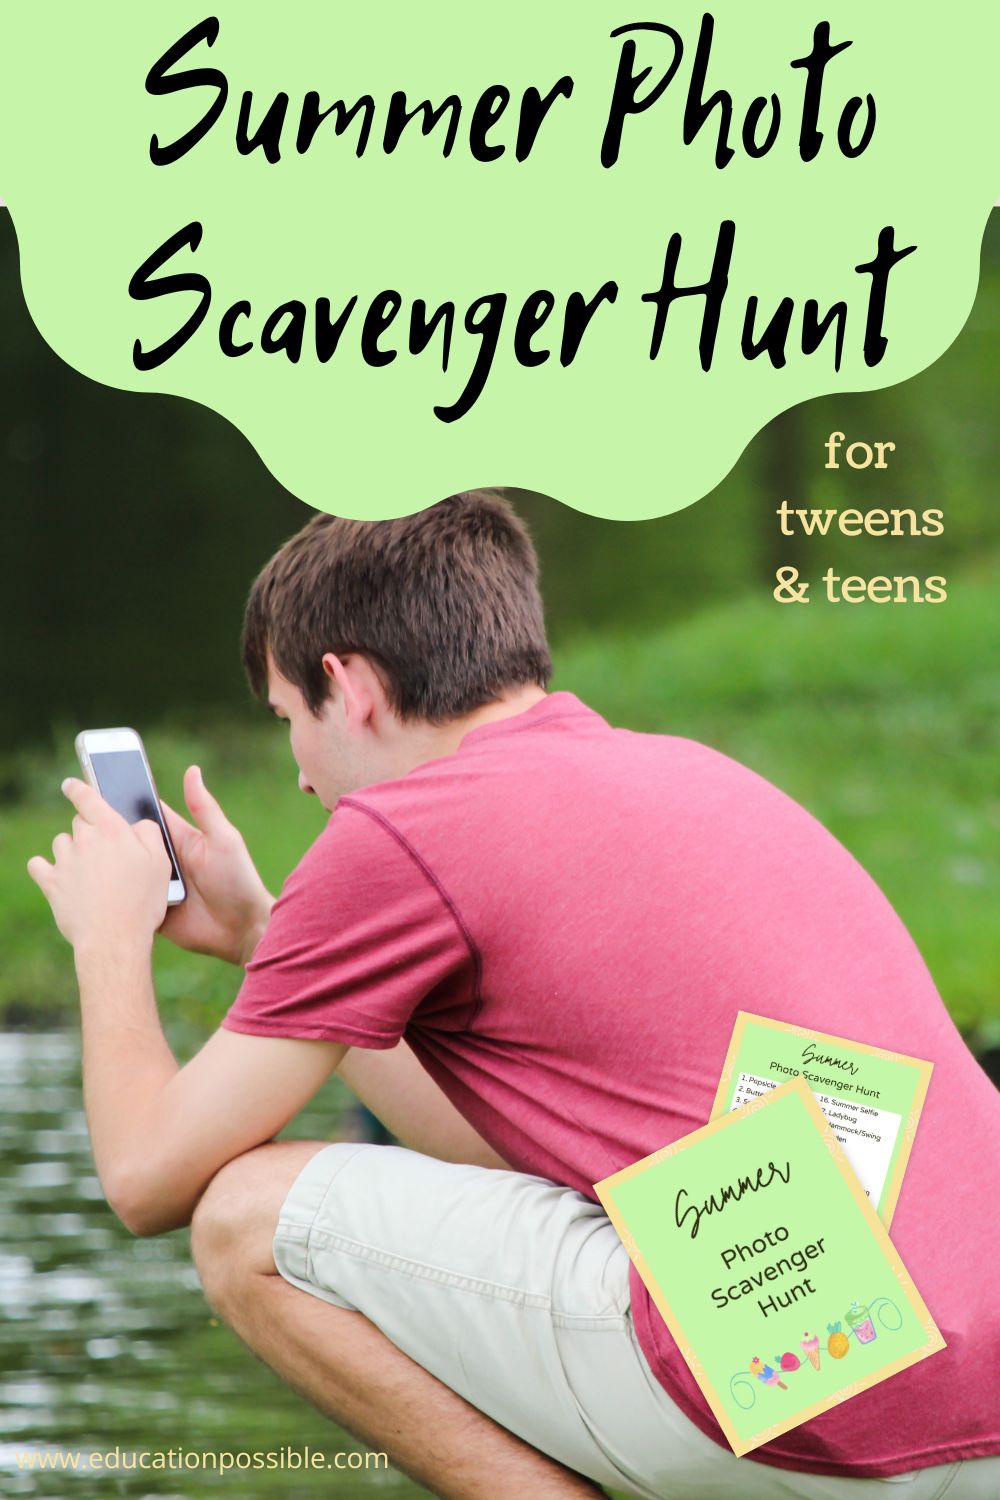 Teen boy wearing a red t-shirt and tan shorts bending at the edge of a pond taking a picture. Image of PDF scavenger hunt over image at bottom.
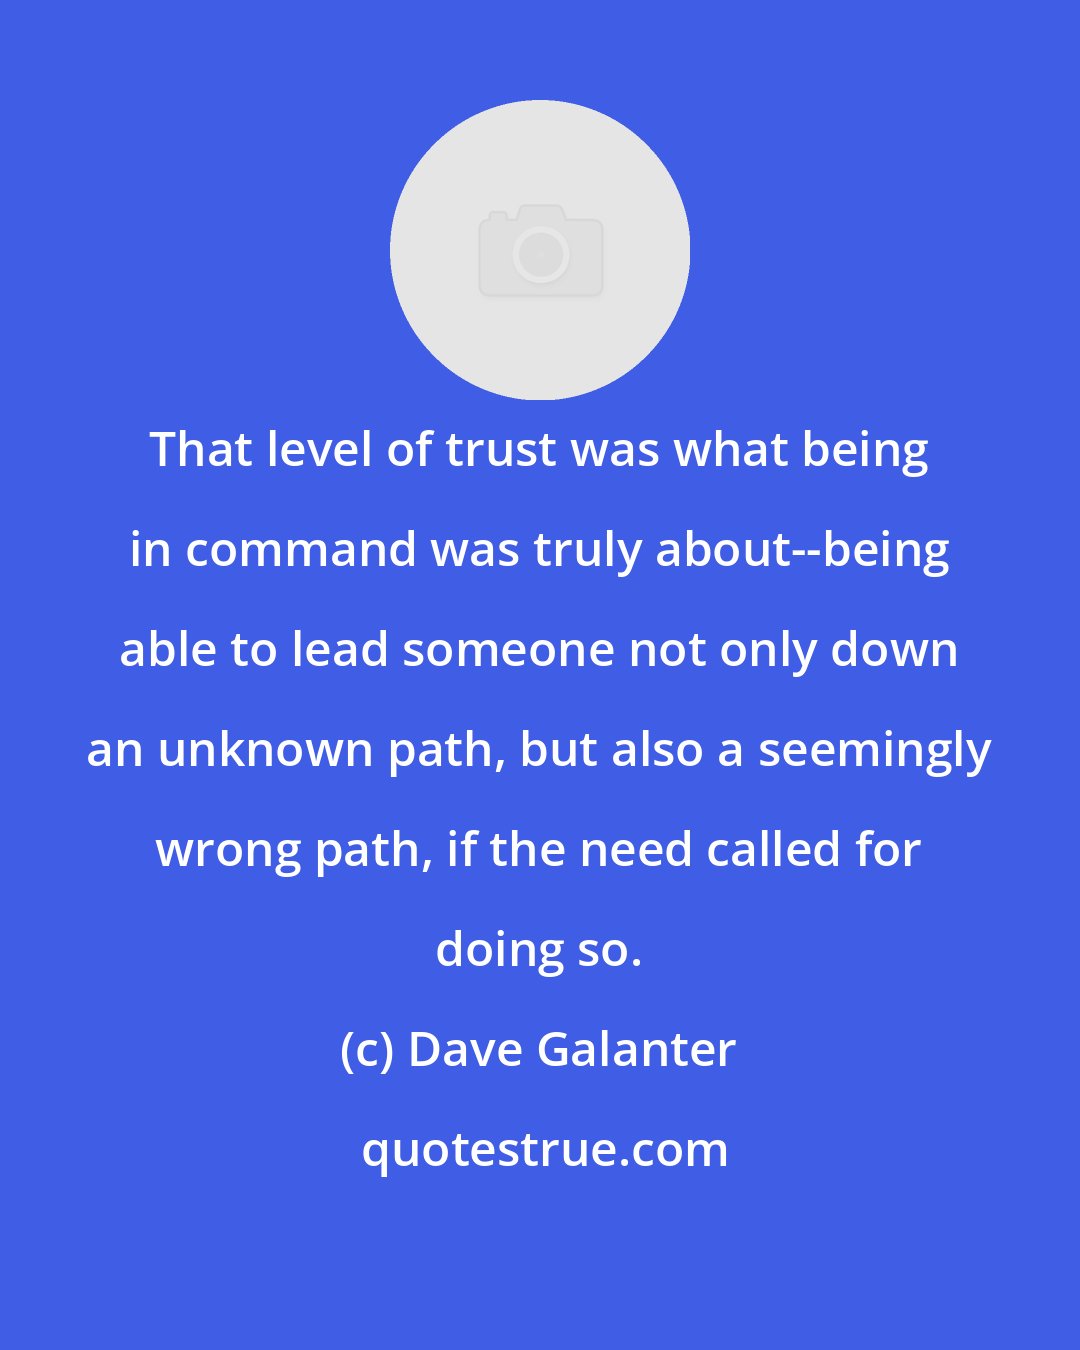 Dave Galanter: That level of trust was what being in command was truly about--being able to lead someone not only down an unknown path, but also a seemingly wrong path, if the need called for doing so.
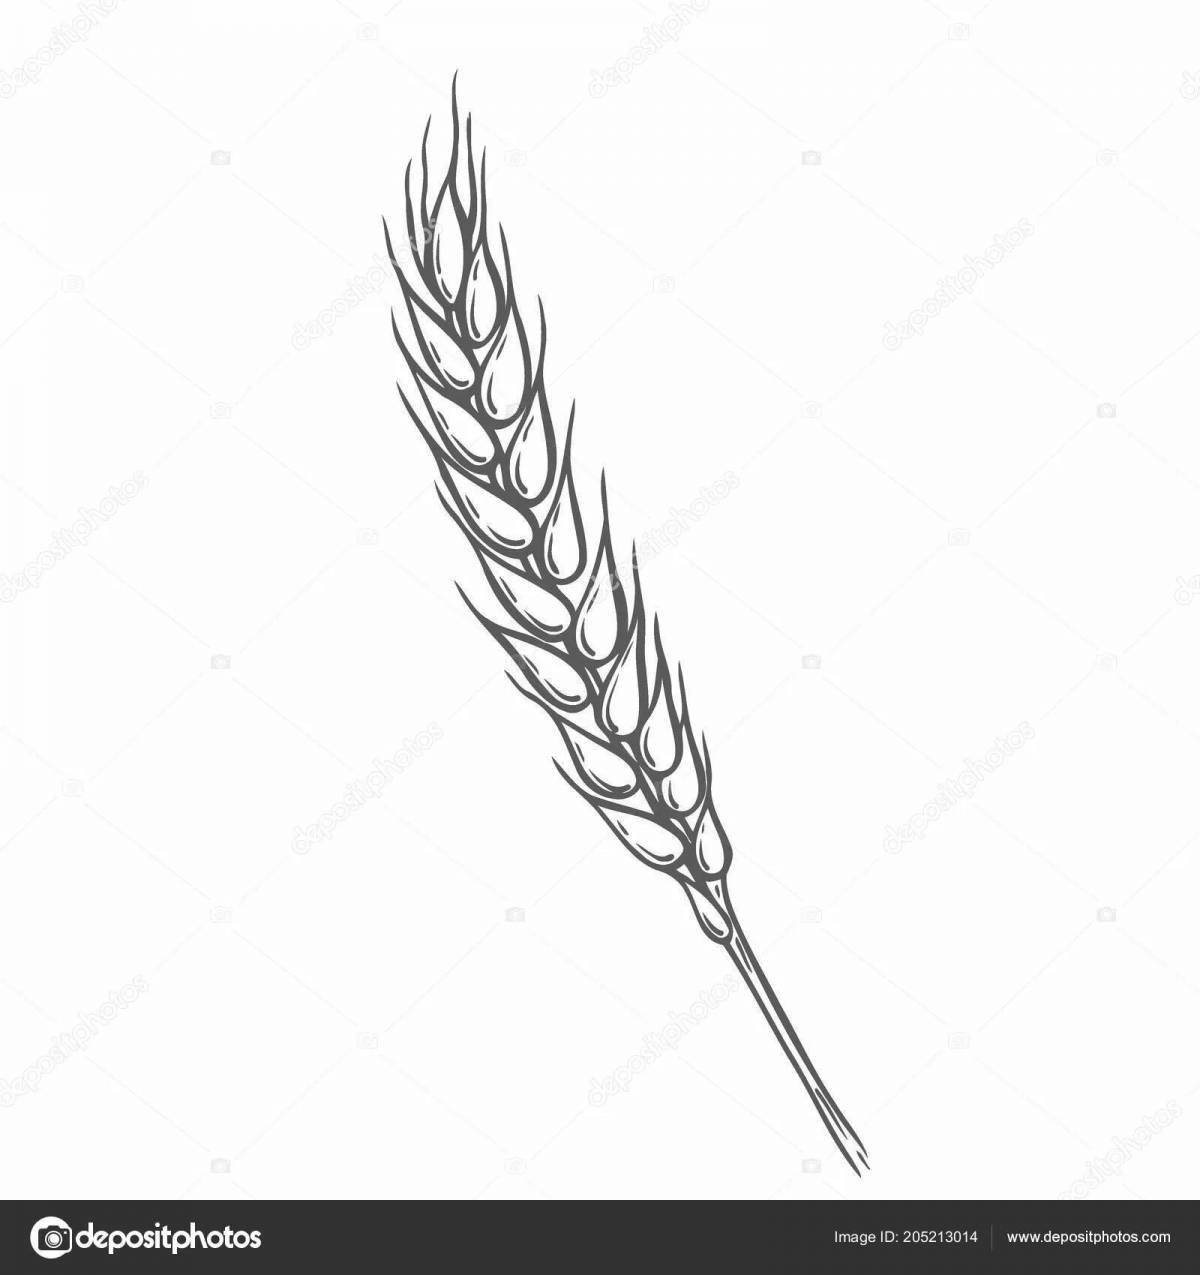 Coloring page wild ears of wheat

━━━━

▶ _TO DO_
Each line above should be printed again exactly, though the pictures should not be.

▶ _OUTPUT BELOW_
 Teen boy wearing a red t-shirt and tan shorts bending at the edge of a pond taking a picture. Image of PDF scavenger hunt over image at bottom.
 Dave Galanter: That level of trust was what being in command was truly about--being able to lead someone not only down an unknown path, but also a seemingly wrong path, if the need called for doing so.
 Coloring page wild ears of wheat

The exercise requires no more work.